Desde ese día, mi vida ha sido una pesadilla. Lilith viajó con su pareja, Karin; su prima, Melissa, y el novio de Melissa, Carlos. Ellos me dijeron que Lilith tuvo un ataque de pánico, salió corriendo del hotel y no pudieron alcanzarla. Me enteré de su desaparición un día después, no por ellos, sino por un amigo de Lilith que subió un boletín en Instagram. Nadie me avisó, nadie la buscó, nadie se preocupó. Gracias al apoyo de mi familia y amigos pude viajar; si algo recuerdo con profunda tristeza es que lloré todo el vuelo, no entendía lo que estaba pasando, estaba tan asustada y lo único que quería era encontrarla. Solo pude quedarme 10 días en Puerto Escondido, porque se me acabaron los recursos.
Lilith iba descalza, sin dinero, con el celular de Karin, mismo que fue encontrado horas después, pero el agente no lo tomó en custodia. Al principio, dijeron que Lilith pudo haber huido tras una discusión o que se había ahogado. Pero esas hipótesis ya fueron descartadas, entonces, ¿dónde está Lilith? Un video de seguridad muestra que me mintieron, Lilith no estaba en un ataque de pánico, estaba molesta, revisando el celular de Karin. Melissa y Carlos sí la alcanzaron, se ve a Carlos intentando quitarle el celular. Pero cuando los llamaron a ampliar su declaración, Carlos solo dijo que “lo había olvidado”, Melissa dijo que Lilith se detuvo, pero que siguió corriendo, y Karin ni siquiera se ha presentado a declarar. ¡Dos años y tres meses después, seguimos sin respuestas!
La primera fiscalía que llevó el caso no hizo nada. No investigaron, no buscaron, no les importó.
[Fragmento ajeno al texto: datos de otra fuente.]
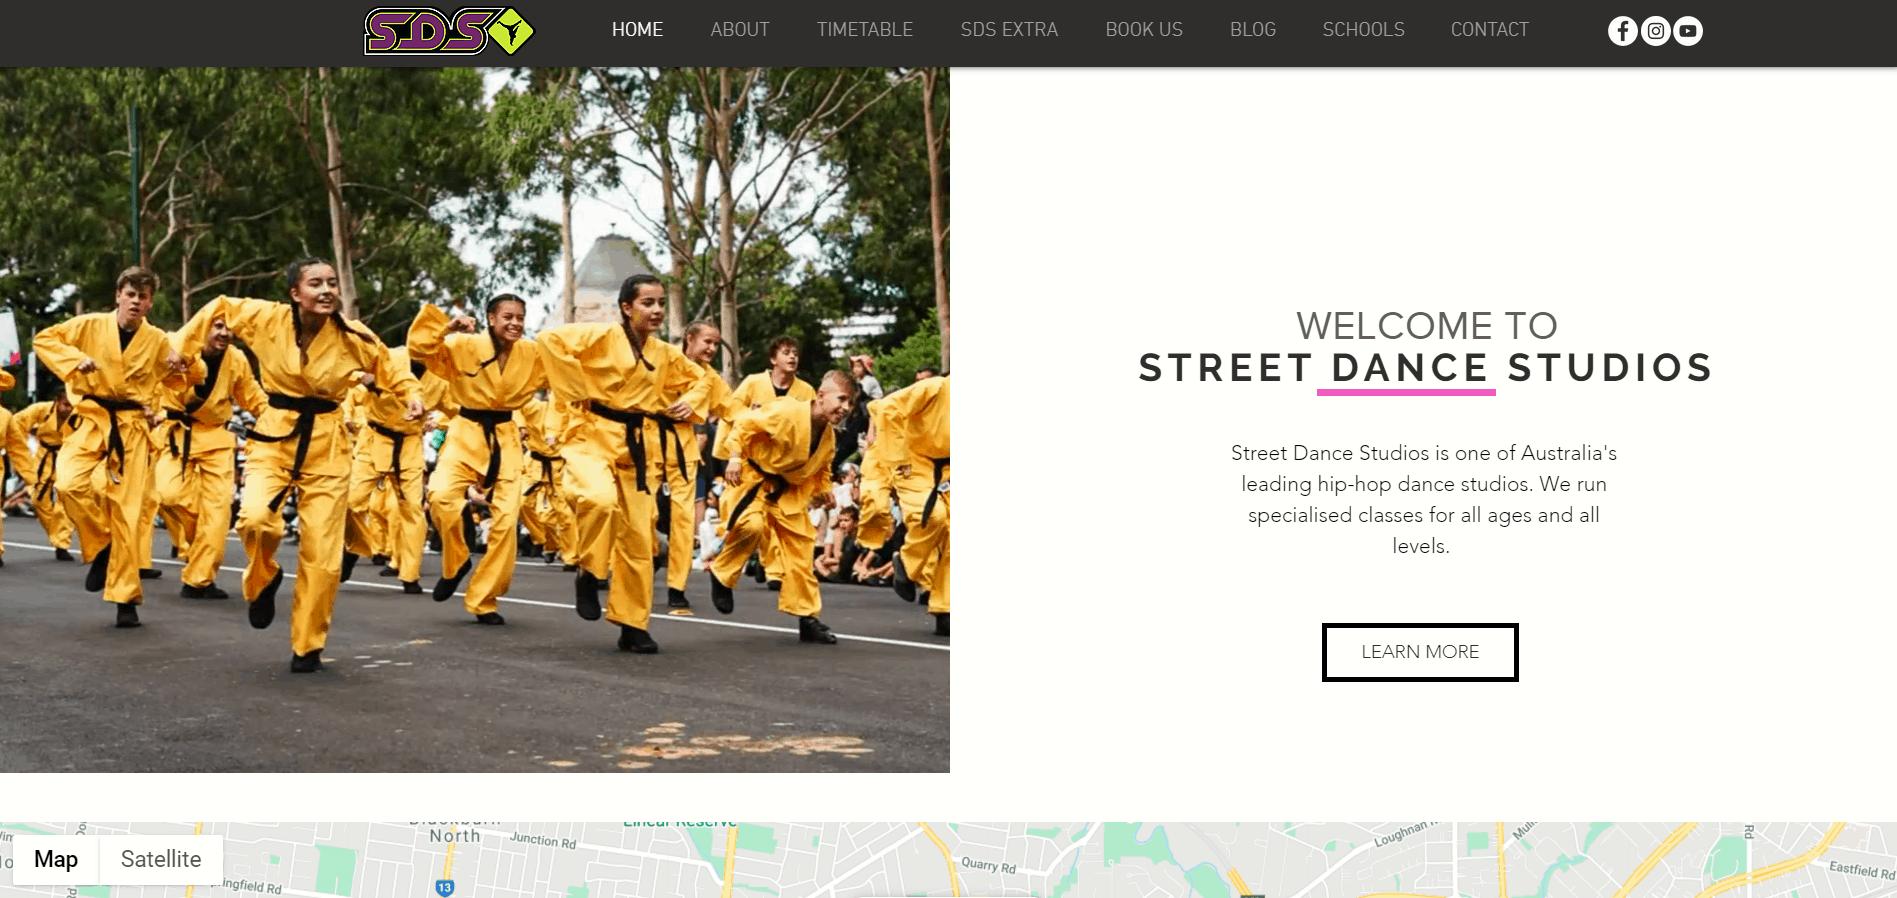 Street Dance Studios
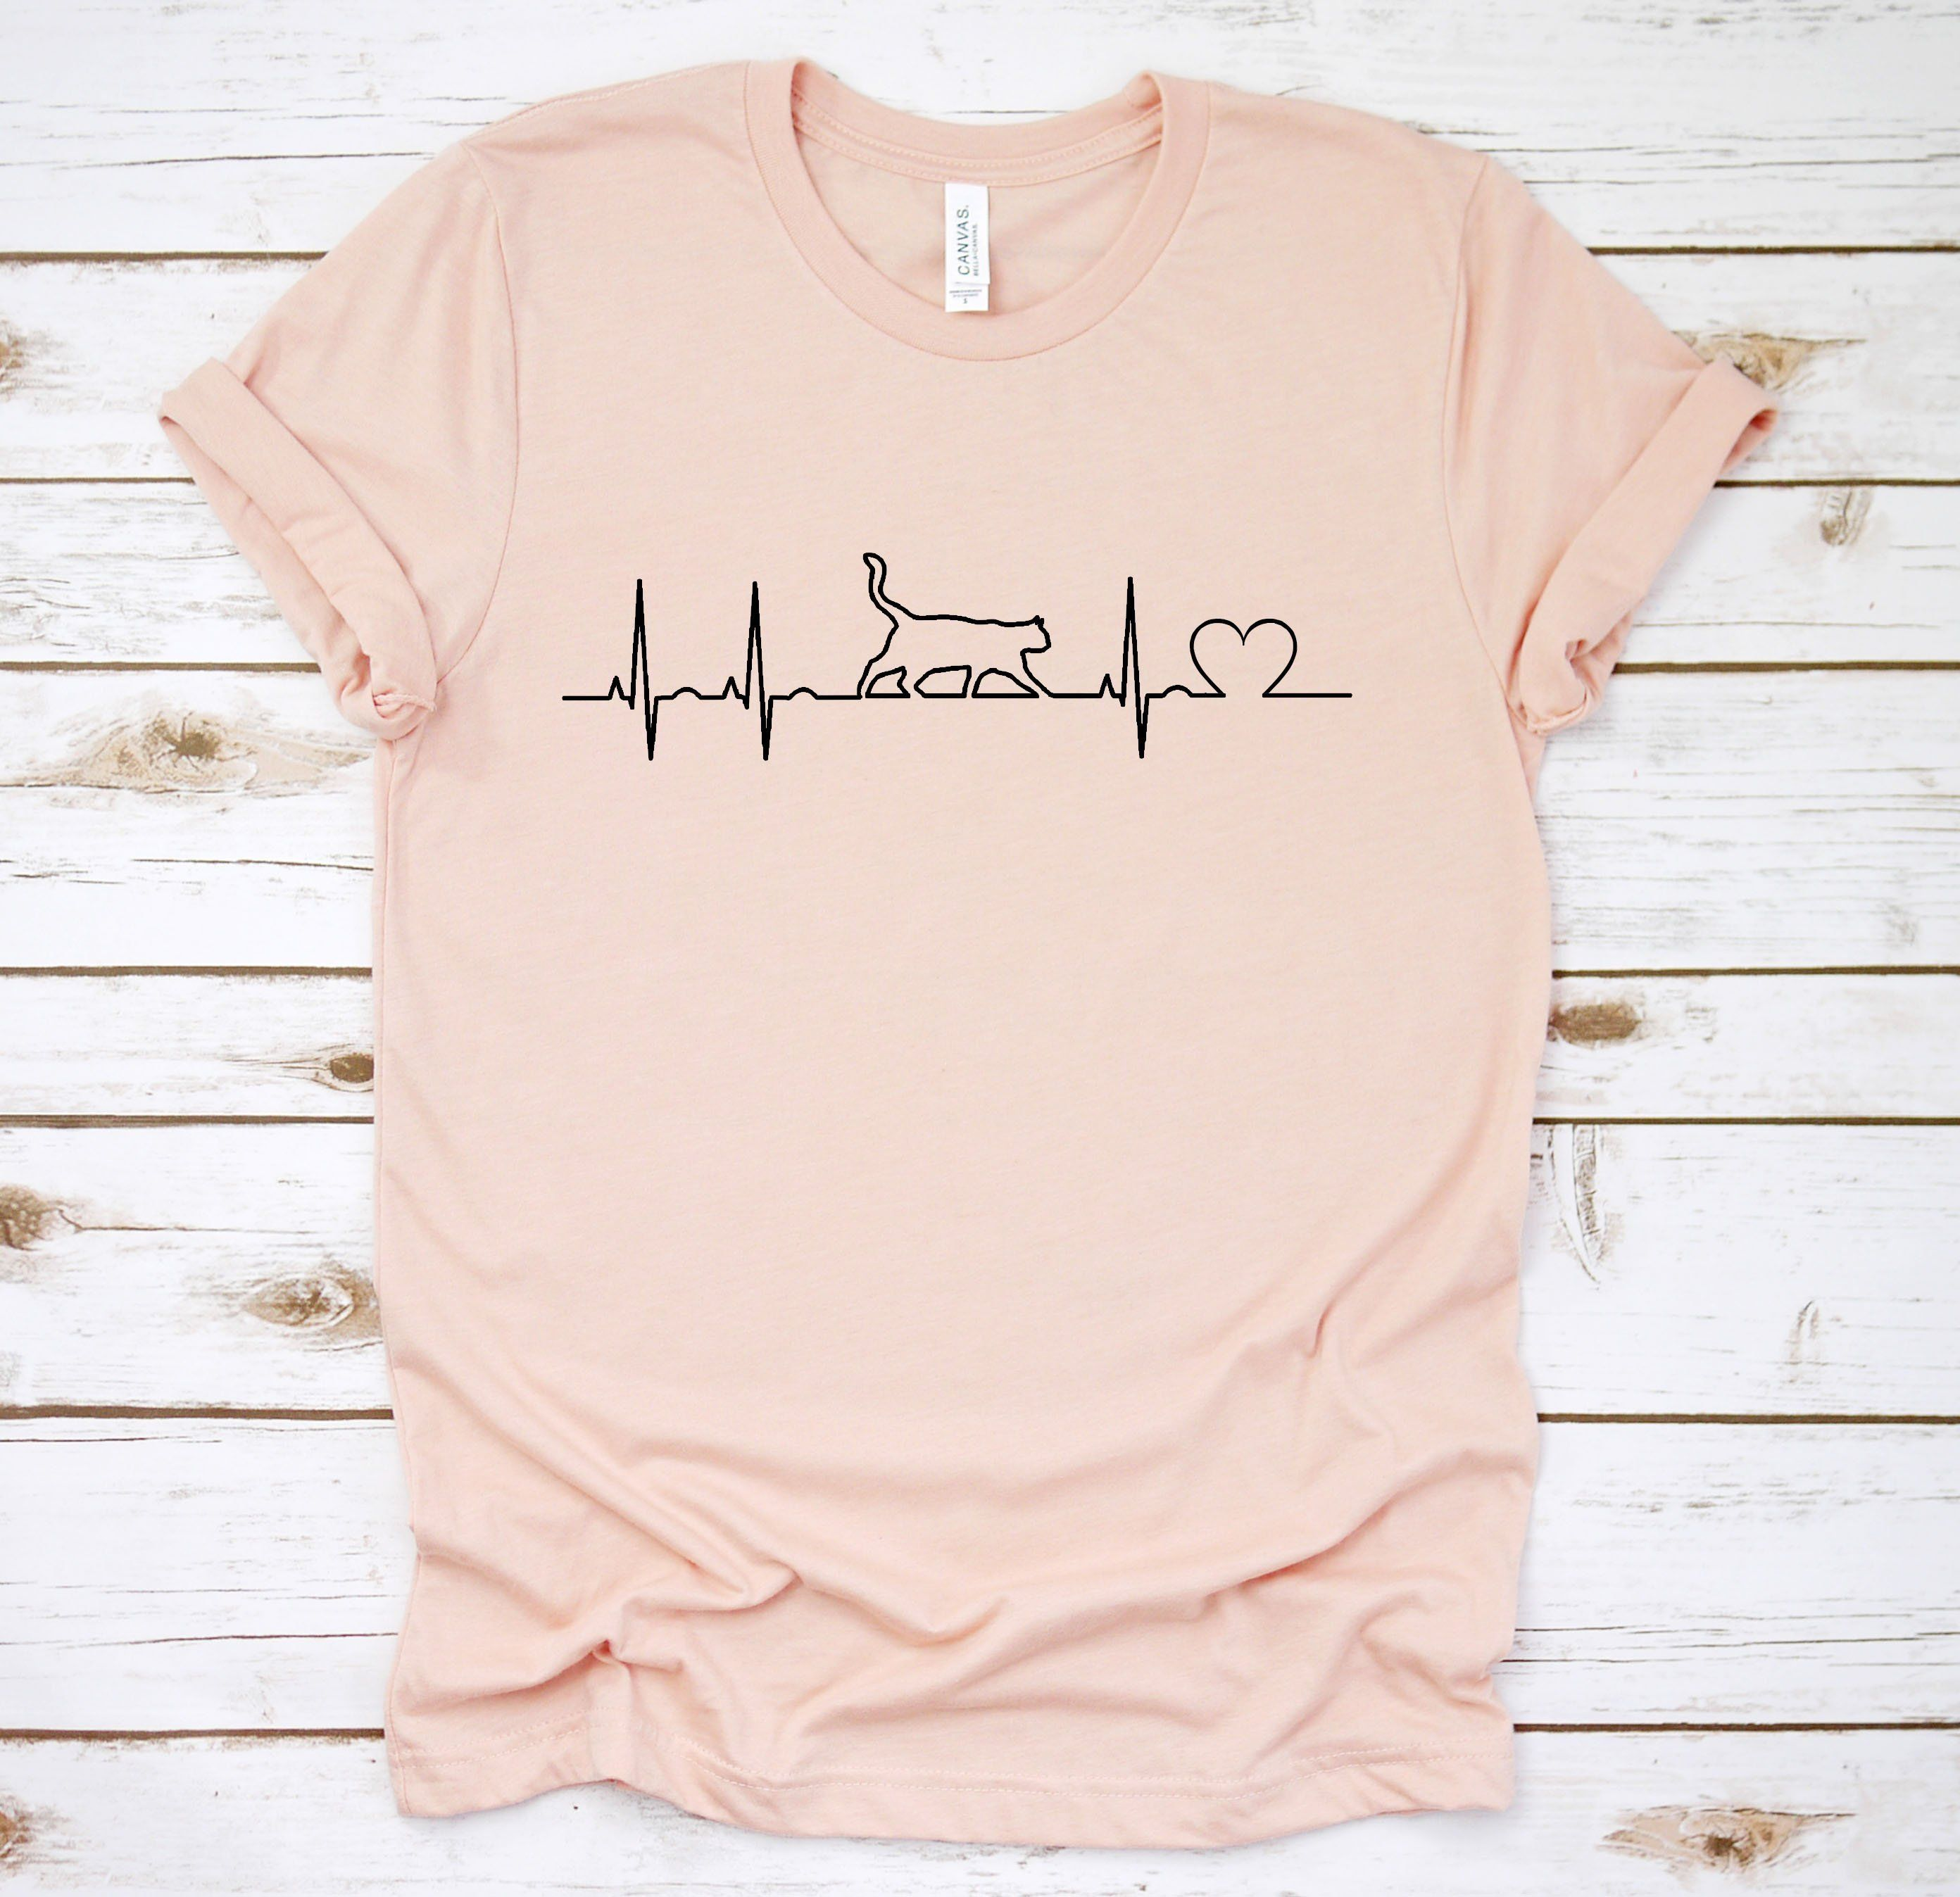 6b6dfc0985 Cat Ekg T Shirt, Cat Heartbeat, Gift For Cat Lover, Cute Cat Shirt ...

El primer agente investigador revictimizó a Lilith, diciendo que venía de un hogar disfuncional e inclusive llegó a decirme que yo, como madre, tenía la culpa de lo que estaba sucediendo por no haber sabido educarla. Es lamentable que nuestro sistema de justicia esté por los suelos: el cambio de personal es constante y esto en realidad nos afecta, ya que se vuelve a comenzar desde cero. Ahora la carpeta de investigación está en la fiscalía de Oaxaca, llena de inconsistencias y actos inconclusos. Yo exijo que vuelvan a citar a estas tres personas, pero el Ministerio Público me dijo que no se puede, porque “ellos tienen derechos” y que lo podrían acusar de un acto de molestia. ¿Y los derechos de mi Lilith, dónde están? ¿Acaso por ser una mujer trans no merece ser buscada?
Karin, Melissa y Carlos son los únicos que saben la verdad, pero han seguido con sus vidas como si nada. No participaron en la búsqueda, no han mostrado empatía, no les ha importado el dolor que esto ha causado. Mientras tanto, yo sigo aquí, con días llenos de incertidumbre, con una herida abierta que no sana. Por eso marcho, por eso levanto mi voz, porque Lilith no es un número más. Porque nuestras hijas no merecen estar desaparecidas. Porque nosotras, sus madres, no merecemos este dolor.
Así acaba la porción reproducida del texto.